Answer
- Recurrence \(a_k = 2\,a_{k-1} + 3\,a_{k-2}\).
- Characteristic equation: \(t^2 - 2t - 3=0\).
- Roots: \(t=3\) or \(t=-1\).
- General form: \(a_k = A\,3^k + B\,(-1)^k\).
- With \(a_0=1, a_1=2\), we get \(a_k = \tfrac{3}{4}\,3^k + \tfrac{1}{4}\,(-1)^k.\)
Work Step by Step
## General Background: Characteristic‐Equation Method
For a second‐order linear recurrence of the form
\[
x_k \;=\; A\,x_{k-1} \;+\; B\,x_{k-2},
\]
we look for solutions of the form \(x_k = t^k\). Substituting \(t^k\) into the recurrence and dividing by \(t^{k-2}\) (assuming \(t\neq 0\)) yields the **characteristic equation**:
\[
t^2 \;=\; A\,t \;+\; B,
\quad\text{i.e.}\quad
t^2 - A\,t - B = 0.
\]
Its two roots \(r_1,r_2\) (which might be equal) give the **general homogeneous solution**:
\[
x_k \;=\; \alpha\,r_1^k \;+\; \beta\,r_2^k.
\]
Then the initial conditions determine the constants \(\alpha,\beta\).
---
## The Recurrence \(a_k = 2\,a_{k-1} + 3\,a_{k-2}\)

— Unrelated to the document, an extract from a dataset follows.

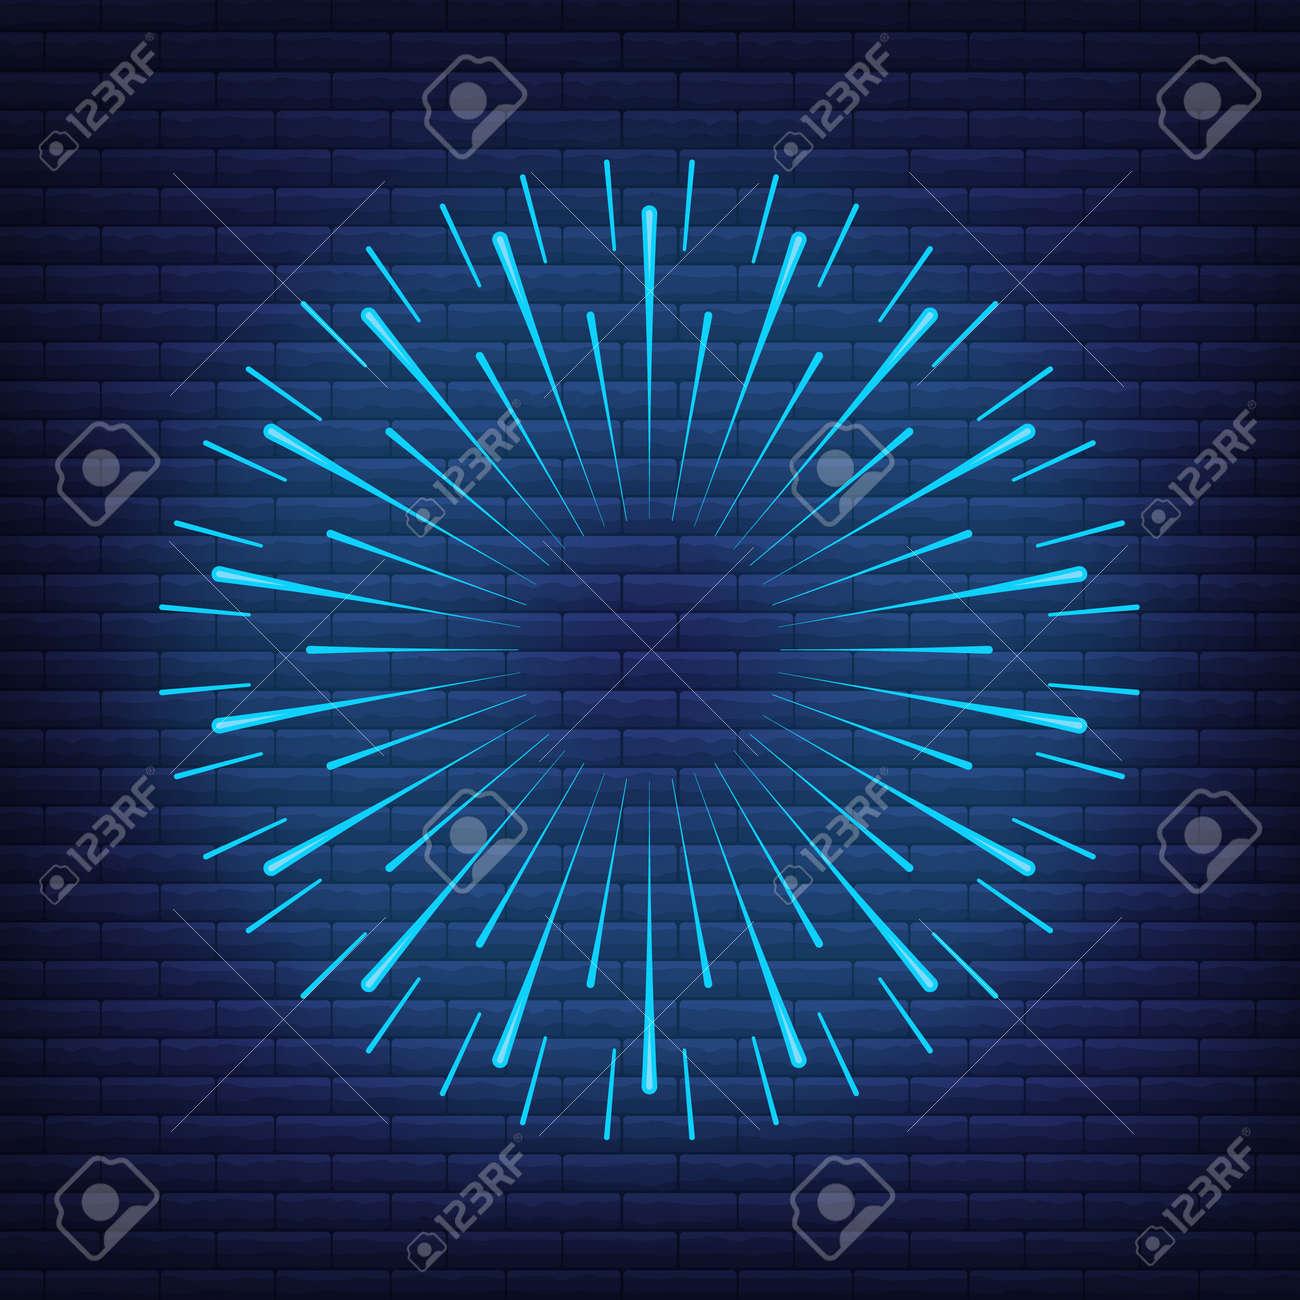 Retro design light sunburst neon style glow geometric shape, vintage rays sunlight explosion icon concept vector illustration, isolated on black wall. Minimal blue firework burst label, sunbeam badge. - 168394851

### (a) Find all possible \(t\) so that \(t^n\) is a solution
1. Write the characteristic equation by setting \(a_k = t^k\):
\[
t^k = 2\,t^{k-1} + 3\,t^{k-2}.
\]
Divide by \(t^{k-2}\) (assuming \(t \neq 0\)):
\[
t^2 = 2\,t + 3.
\]
Hence the characteristic equation is
\[
t^2 - 2\,t - 3 = 0.
\]
2. Factor or use the quadratic formula:
\[
(t - 3)(t + 1) = 0
\quad\Longrightarrow\quad
t = 3 \quad\text{or}\quad t = -1.
\]
So the two possible values of \(t\) are \(3\) and \(-1\).
### (b) Given \(a_0 = 1\) and \(a_1 = 2\), find a closed‐form formula
From the theory, the general solution is
\[
a_k = A \, 3^k \;+\; B \, (-1)^k,
\]
for some constants \(A,B\). Use the initial conditions:
1. **\(k=0\)**:
\[
a_0 = 1 \;=\; A\,3^0 + B\,(-1)^0 = A + B.
\]
So \(A + B = 1.\)
2. **\(k=1\)**:
\[
a_1 = 2 \;=\; A\,3^1 + B\,(-1)^1 = 3A - B.
\]
So \(3A - B = 2.\)
Solve simultaneously:
- From \(A + B = 1\), we get \(B = 1 - A\).
- Substitute into \(3A - B = 2\):
\[
3A - (1 - A) = 2
\quad\Longrightarrow\quad
3A - 1 + A = 2
\quad\Longrightarrow\quad
4A = 3
\quad\Longrightarrow\quad
A = \tfrac{3}{4}.
\]
Then \(B = 1 - \tfrac{3}{4} = \tfrac{1}{4}.\)
Hence
\[
\boxed{a_k = \frac{3}{4}\,3^k \;+\; \frac{1}{4}\,(-1)^k,\quad k\ge 0.}
\]